Ann Oncol 2007 Nov 15
Combination chemotherapy with gemcitabine, oxaliplatin, and paclitaxel in patients with cisplatin-refractory or multiply relapsed germ-cell tumors: a study of the German Testicular Cancer Study Group.   
ABSTRACT
BACKGROUND
The aim of this study is to determine feasibility and efficacy of the combination regimen gemcitabine, oxaliplatin, and paclitaxel (GOP) in patients with cisplatin-refractory or multiply relapsed germ-cell tumors.
PATIENTS AND METHODS
From April 2003 to October 2006, 41 patients refractory to cisplatin-based chemotherapy or with relapse after high-dose chemotherapy (HDCT) plus stem-cell support (peripheral blood stem-cell transplantation: PBSCT) received 800 mg/m2 gemcitabine, 80 mg/m2 paclitaxel (Taxol), both on days 1 + 8, and oxaliplatin 130 mg/m2 on day 1 of a 3-week cycle for a minimum of two cycles. Primary end point was response rate. Patients were pretreated with a median of two lines of platin-based chemotherapy (range, 1-3), and 78% had relapsed after HDCT/PBSCT.
RESULTS
Seventy-three percent of patients had relapsed within 3 months after the last cisplatin-based chemotherapy.
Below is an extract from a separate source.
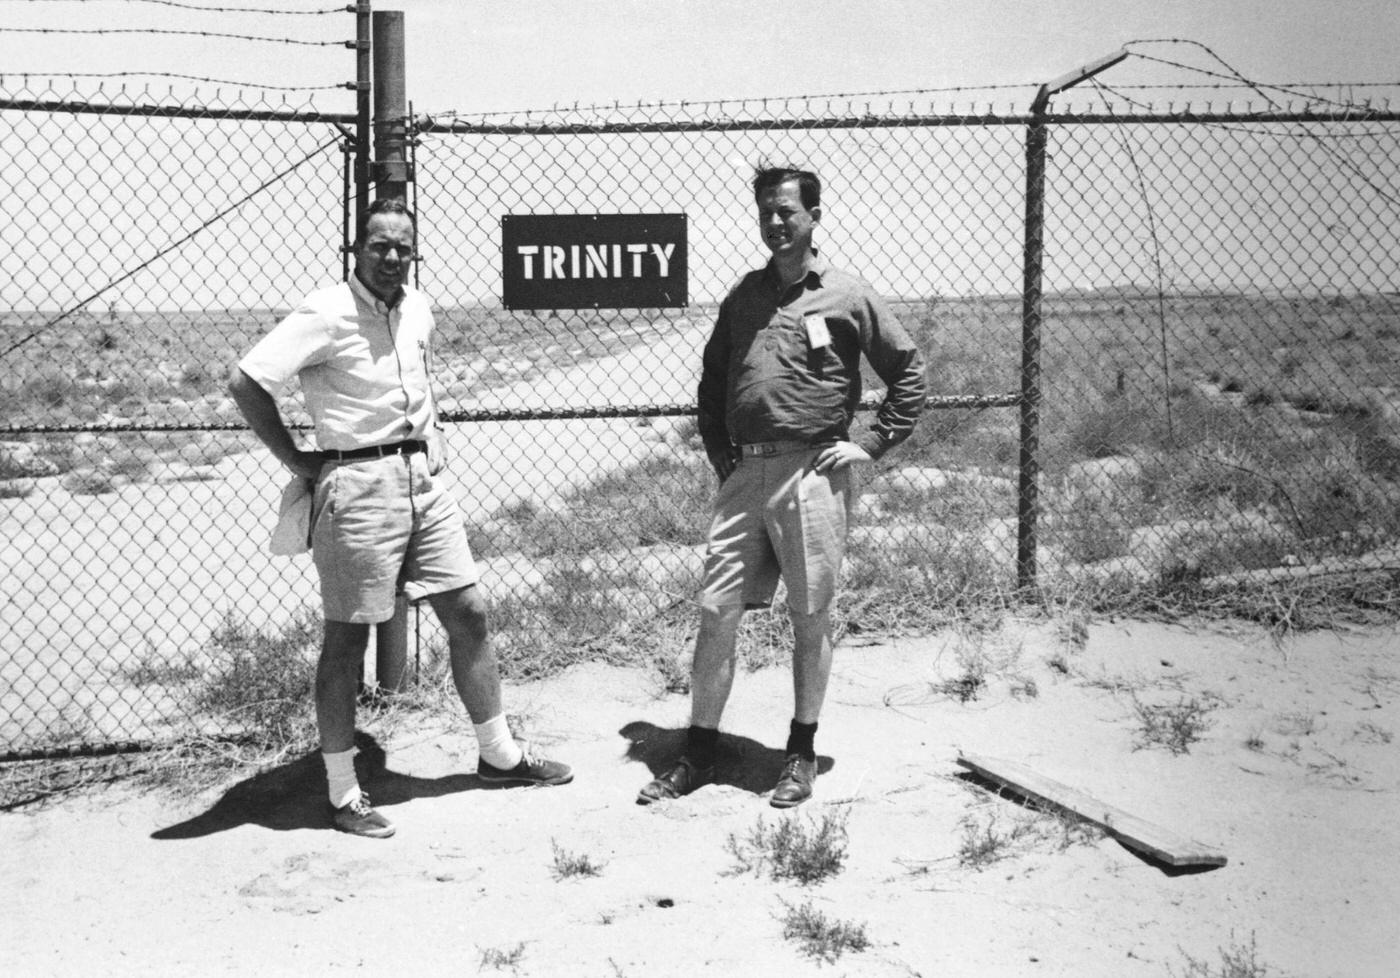 First Atom Bomb test site-Trinity, New Mexico

Five percent of the patients achieved a complete response, and 34% and 12% a marker-negative and marker-positive partial response, respectively (overall response rate 51%). After a median follow-up of 5 months (range, 0-20), 15% of the patients remain in complete remission after GOP chemotherapy +/- residual tumor resection with a median response duration of 8 months (1 to 17+). Main toxicity was leucocytopenia grade 3/4 in 15%, anemia in 7%, and thrombocytopenia in 49% of the patients.
CONCLUSION
Combination chemotherapy with GOP is feasible and effective with acceptable toxicity in patients with treatment-refractory germ-cell tumors.